As experienced Denver family law attorneys, we deal with all aspects of asset division.  This can include division of real property, personal property, investment accounts, retirement accounts, and almost any other type of property you can imagine.  Beyond the normal questions that arise when dividing property and debt in a Denver divorce case, PERA (Public Employee Retirement Account) accounts come with additional questions and issues that need to be resolved. First, under Colorado law, a court cannot forcibly divide a PERA account. This means that, without agreement, the judge or magistrate hearing your divorce case cannot give your spouse a portion of your PERA account. This is different than any other type of retirement account which can be divided by a special order to avoid adverse tax consequences (unless you or your spouse want to withdraw funds immediately, in which case, the taxes and penalties will still apply). However, this does not mean that, if your spouse is the one with the PERA account, this is the end of the analysis. While Colorado judges and magistrates may not be able to forcibly divide a PERA without agreement of the parties, they can give the non-PERA spouse more of the other marital property or less of the marital debt to off-set the other spouse’s receipt of the entire PERA. Additionally, the court can order the spouse with the PERA to pay a certain amount to the other spouse each month upon retirement. Thus, effectively the main difference is that the PERA-receiving spouse is responsible for making the payments to the other spouse, as opposed to PERA making the payments directly, which could lead to tax complications or questions.
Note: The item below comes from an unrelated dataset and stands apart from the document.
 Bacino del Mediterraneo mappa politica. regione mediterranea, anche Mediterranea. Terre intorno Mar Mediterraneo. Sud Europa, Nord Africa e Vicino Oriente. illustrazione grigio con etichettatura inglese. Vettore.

If the parties are willing to agree to a division of the PERA account, there are basically three ways to divide the PERA account. Because a PERA account has a pension-component, the statement generated by PERA does not accurately reflect the present value. Therefore, one option is to retain an expert with the qualifications to conduct a present value analysis of the PERA account, to determine the current value of the PERA. The benefit of this option is that, if there are multiple PERA accounts, knowing the present value can allow the parties to agree to an off-setting property division, as opposed to dividing both PERA accounts between the parties. This method may also be helpful if it was a relatively short-term marriage and it is anticipated that the marital portion is small. Having a present value will enable the parties to discuss an off-setting property/debt division, as opposed to dividing the PERA so that the non-PERA spouse waits to receive a very small amount of money each month upon the other party’s retirement.

Another way to divide the pension is through a formula through which, upon the PERA recipient’s retirement, the non-PERA spouse will receive 50% of the marital portion of the PERA payout directly from PERA. The benefit of this option is that you can avoid the cost of an expert to value the PERA.  However it will necessitate the drafting of a Qualified Domestic Relations Order for purposes of the actual division of the property.   This method of division requires agreement and full cooperation of the plan participant.
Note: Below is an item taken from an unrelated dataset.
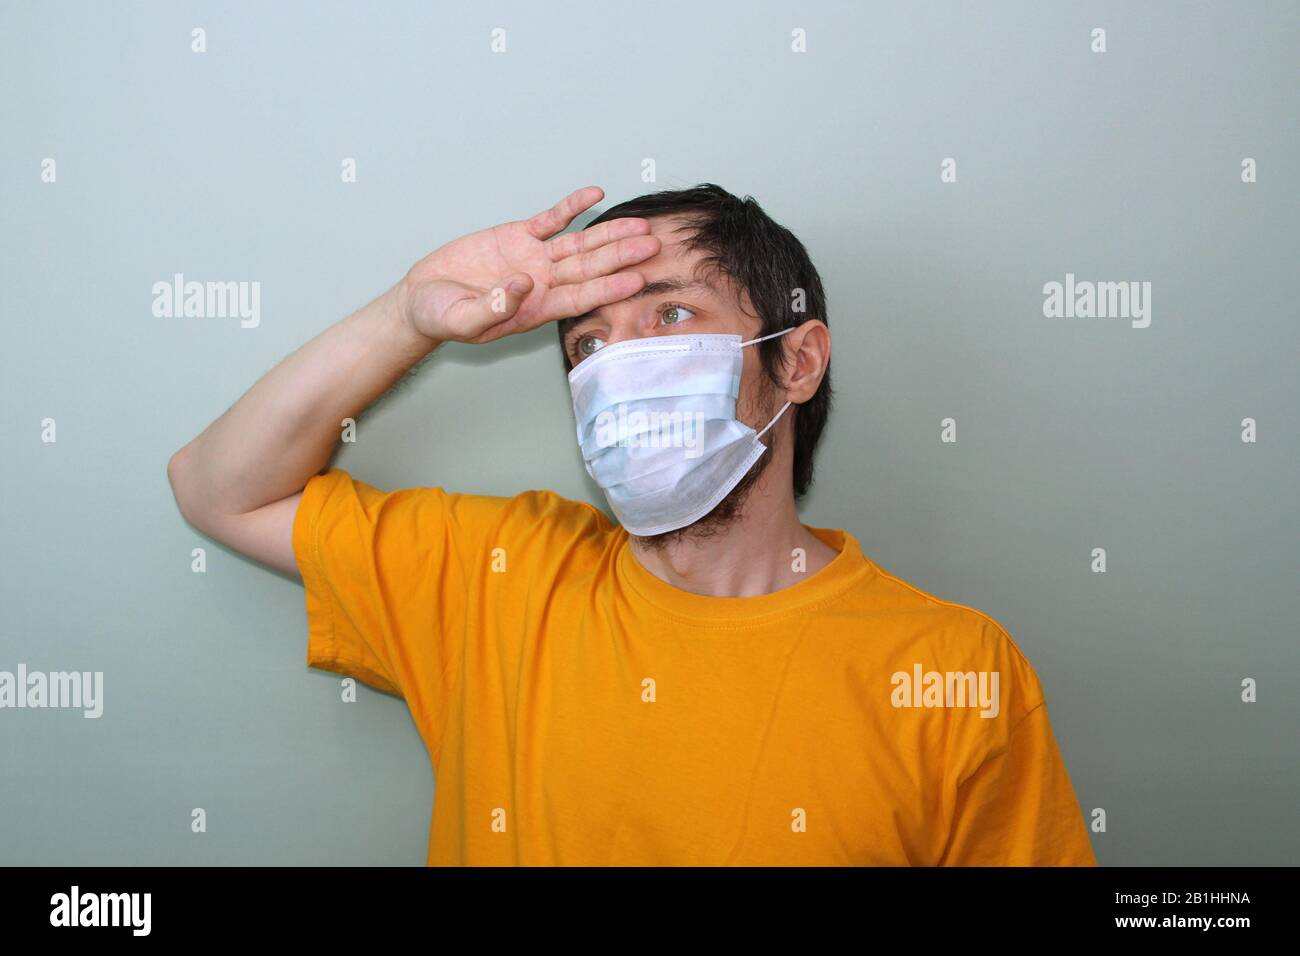 Erwachsene Männer mittleren Alters in einem gelben T-Shirt auf grauem Hintergrund in einer medizinischen Maske halten seine Hand nahe seiner Stirn. Kopfschmerzen, hohes Fieber. Krankheitsschutz Coronavirus epidemisches Problem aus China. Stockfoto

The final way to divide a PERA account is by holding the issue until the PERA recipient retires. This means you would not have an order on how the PERA is divided, you would wait until the PERA recipient retires and then return to the court for division. This makes the most sense in the situation where the PERA recipient is only a year or two away from retirement- instead of paying for an expert or questioning the amount that will be received, the parties can simply wait until that time and know for sure what the numbers are. The downside of this option is that there would be additional time and cost spent in returning to court and, often, courts are reluctant to leave issues open-ended. If the parties agree to the division, special attention also needs to be paid to the timeline for completion of the special order dividing the account as PERA has very specific deadlines for receipt of such order.

There is no one correct way to divide a PERA account and actual division may not be necessary in instances where there is offsetting property available to compensate the other party.   If the allocation of a PERA account is not agreed upon parties will ultimately rely on the judge to make the decision.   Results can vary.  A judge in an Arapahoe County divorce case might decide how to deal with a PERA differently from a judge in Jefferson County.  Discretion allows for differing results and there is no black-and-white mandate set forth in statute.

As can be seen, this is a very complex issue and it is always best to discuss your case with an attorney that can advise you of the best options for your particular situation.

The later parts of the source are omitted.